- **Dataset excerpts**:
== == ==

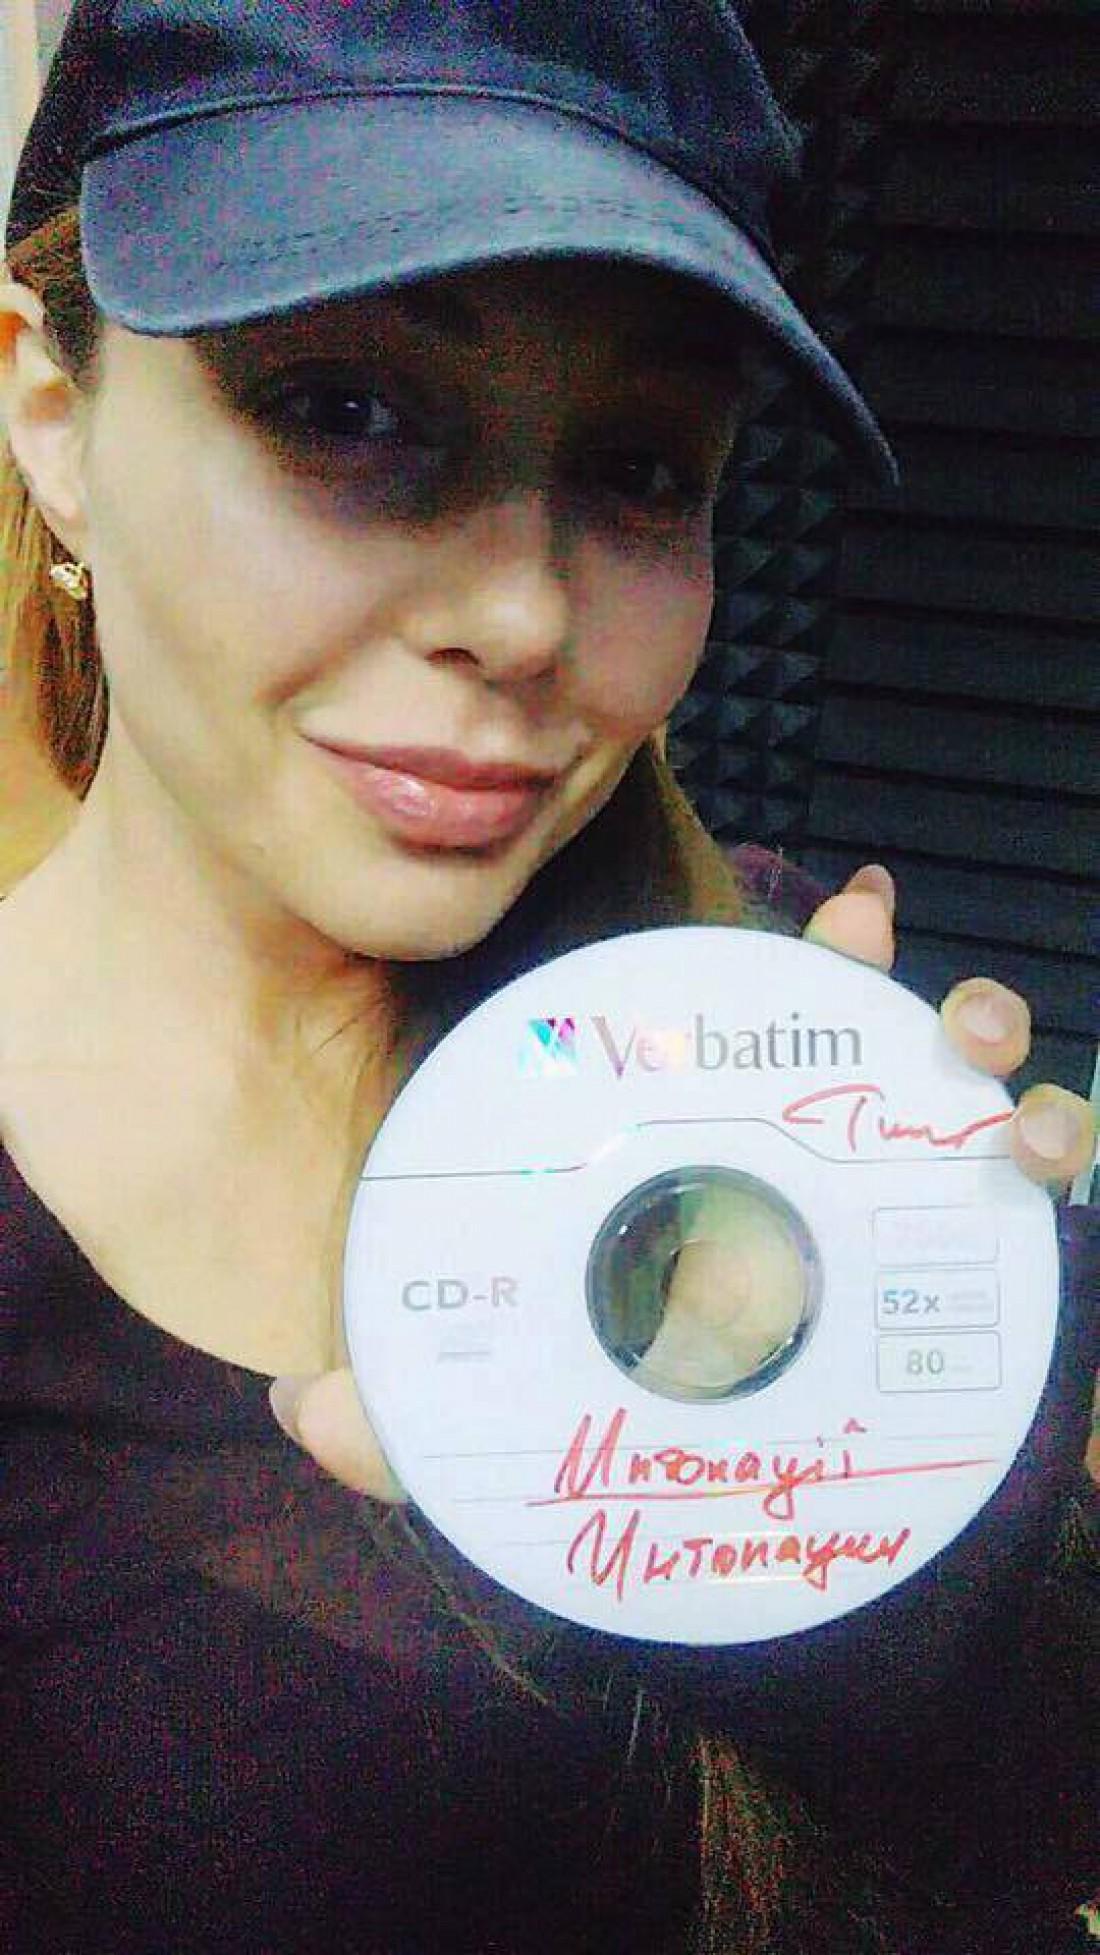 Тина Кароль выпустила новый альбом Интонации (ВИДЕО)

== == ==

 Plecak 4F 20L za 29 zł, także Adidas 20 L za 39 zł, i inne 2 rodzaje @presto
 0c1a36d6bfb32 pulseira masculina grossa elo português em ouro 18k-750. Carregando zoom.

== == ==

Copy the lines of the data above exactly as written, beginning with the line containing "Plecak 4F 20L" and ending with the line containing "0c1a36d6bfb32 pulseira masculina", and leave out all other lines.

- **Exercise response**:
 Plecak 4F 20L za 29 zł, także Adidas 20 L za 39 zł, i inne 2 rodzaje @presto
 0c1a36d6bfb32 pulseira masculina grossa elo português em ouro 18k-750. Carregando zoom.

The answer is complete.